DPDK patches and discussions
 help / color / mirror / Atom feed
From: Ruifeng Wang <Ruifeng.Wang@arm.com>
To: Mairtin o Loingsigh <mairtin.oloingsigh@intel.com>,
	"jasvinder.singh@intel.com" <jasvinder.singh@intel.com>,
	"bruce.richardson@intel.com" <bruce.richardson@intel.com>,
	"pablo.de.lara.guarch@intel.com" <pablo.de.lara.guarch@intel.com>,
	"konstantin.ananyev@intel.com" <konstantin.ananyev@intel.com>
Cc: "dev@dpdk.org" <dev@dpdk.org>,
	"brendan.ryan@intel.com" <brendan.ryan@intel.com>,
	"david.coyle@intel.com" <david.coyle@intel.com>, nd <nd@arm.com>
Subject: Re: [dpdk-dev] [PATCH v5 1/2] net: add run-time architecture specific	CRC selection
Date: Sat, 10 Oct 2020 09:34:55 +0000	[thread overview]
Message-ID: <VI1PR0802MB23512FAD106F7CF6D9C1DFBF9E090@VI1PR0802MB2351.eurprd08.prod.outlook.com> (raw)
In-Reply-To: <20201009135045.8505-2-mairtin.oloingsigh@intel.com>


> -----Original Message-----
> From: dev <dev-bounces@dpdk.org> On Behalf Of Mairtin o Loingsigh
> Sent: Friday, October 9, 2020 9:51 PM
> To: jasvinder.singh@intel.com; bruce.richardson@intel.com;
> pablo.de.lara.guarch@intel.com; konstantin.ananyev@intel.com
> Cc: dev@dpdk.org; brendan.ryan@intel.com; mairtin.oloingsigh@intel.com;
> david.coyle@intel.com
> Subject: [dpdk-dev] [PATCH v5 1/2] net: add run-time architecture specific
> CRC selection
> 
> This patch adds support for run-time selection of the optimal architecture-
> specific CRC path, based on the supported instruction set(s) of the CPU.
> 
> The compiler option checks have been moved from the C files to the meson
> script.
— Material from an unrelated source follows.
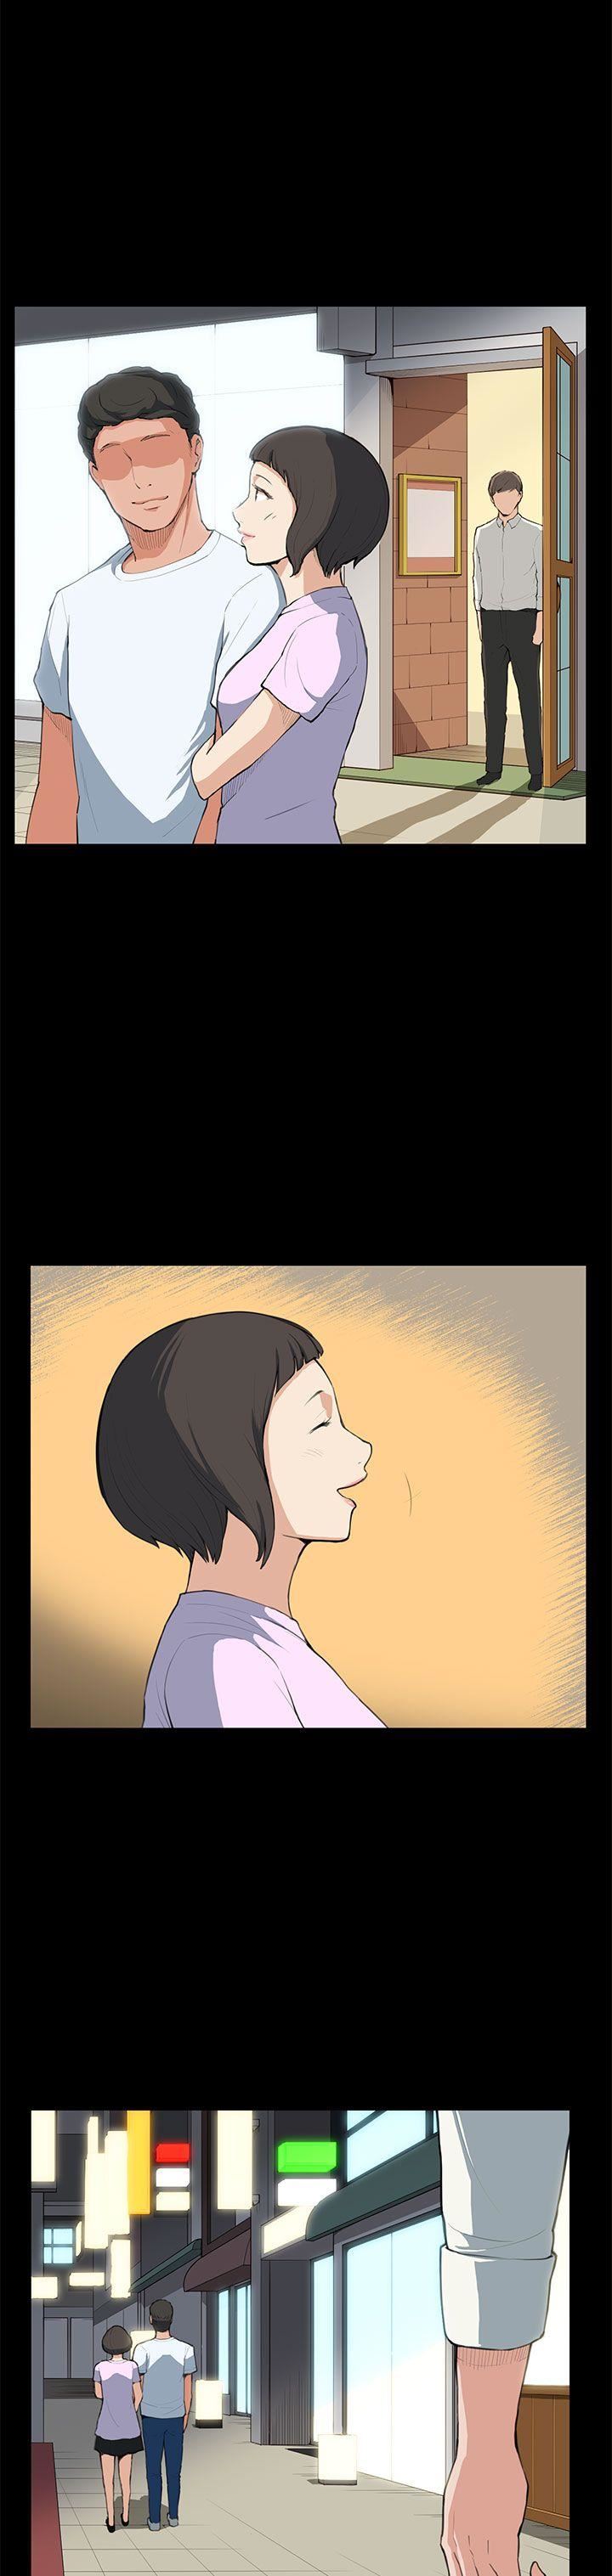 韩国污漫画 斯德哥爾摩癥候群 第7话 23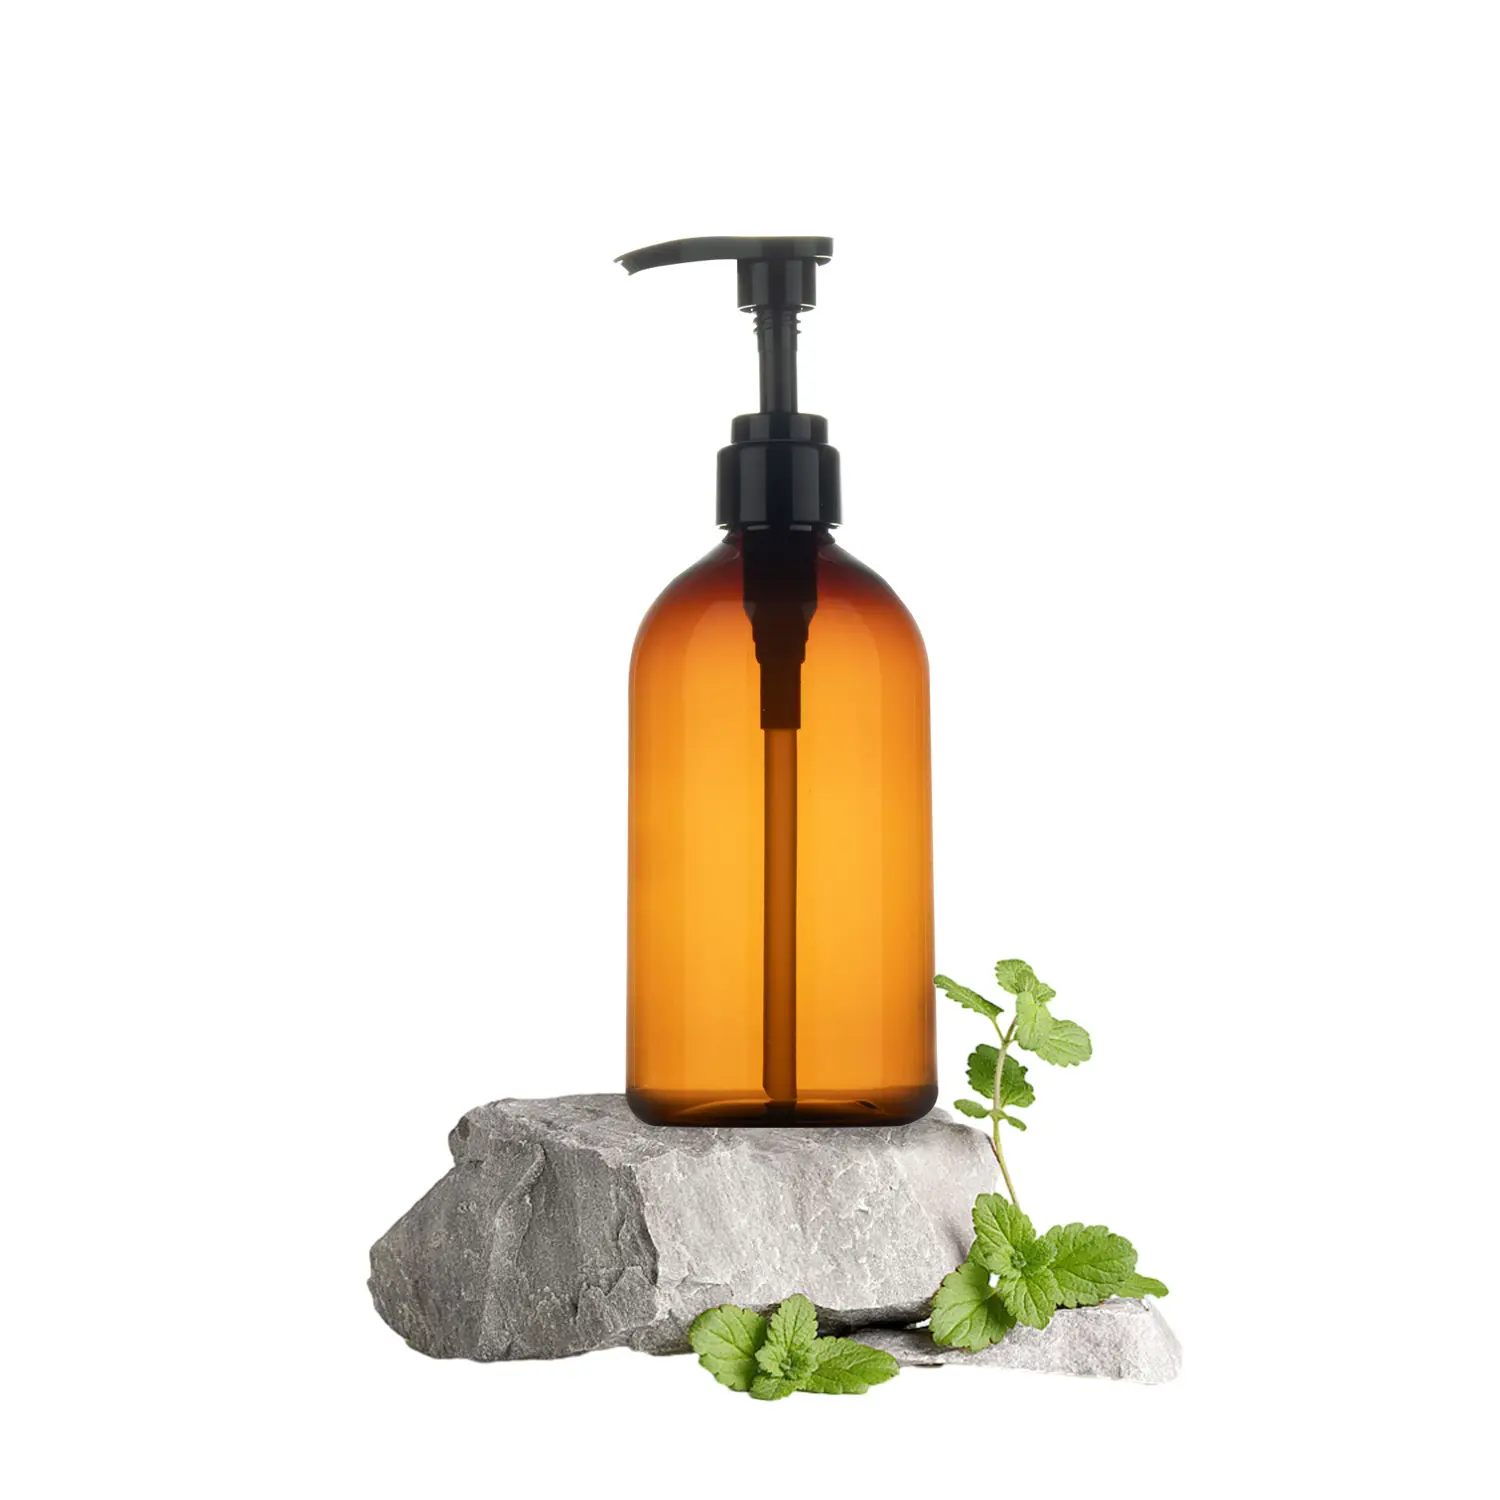 REMAX Venta caliente Explore Brown Translucent 500ml Botellas de loción para creativo con proyectos de bricolaje o embalaje de negocios-Comprar ahora

The rte_cpu_get_flag_enabled function is called automatically by the
> library at process initialization time to determine which instructions the CPU
> supports, with the most optimal supported CRC path ultimately selected.
> 
> Signed-off-by: Mairtin o Loingsigh <mairtin.oloingsigh@intel.com>
> Signed-off-by: David Coyle <david.coyle@intel.com>
> Acked-by: Konstantin Ananyev <konstantin.ananyev@intel.com>
> ---
>  doc/guides/rel_notes/release_20_11.rst            |   4 +
>  lib/librte_net/meson.build                        |  34 ++++++-
>  lib/librte_net/net_crc.h                          |  34 +++++++
>  lib/librte_net/{net_crc_neon.h => net_crc_neon.c} |  26 ++---
>  lib/librte_net/{net_crc_sse.h => net_crc_sse.c}   |  34 ++-----
>  lib/librte_net/rte_net_crc.c                      | 116 +++++++++++++++-------
>  6 files changed, 168 insertions(+), 80 deletions(-)  create mode 100644
> lib/librte_net/net_crc.h  rename lib/librte_net/{net_crc_neon.h =>
> net_crc_neon.c} (95%)  rename lib/librte_net/{net_crc_sse.h =>
> net_crc_sse.c} (94%)
> 
> diff --git a/doc/guides/rel_notes/release_20_11.rst
> b/doc/guides/rel_notes/release_20_11.rst
> index 808bdc4e5..b77297f7e 100644
> --- a/doc/guides/rel_notes/release_20_11.rst
> +++ b/doc/guides/rel_notes/release_20_11.rst
> @@ -55,6 +55,10 @@ New Features
>       Also, make sure to start the actual text at the margin.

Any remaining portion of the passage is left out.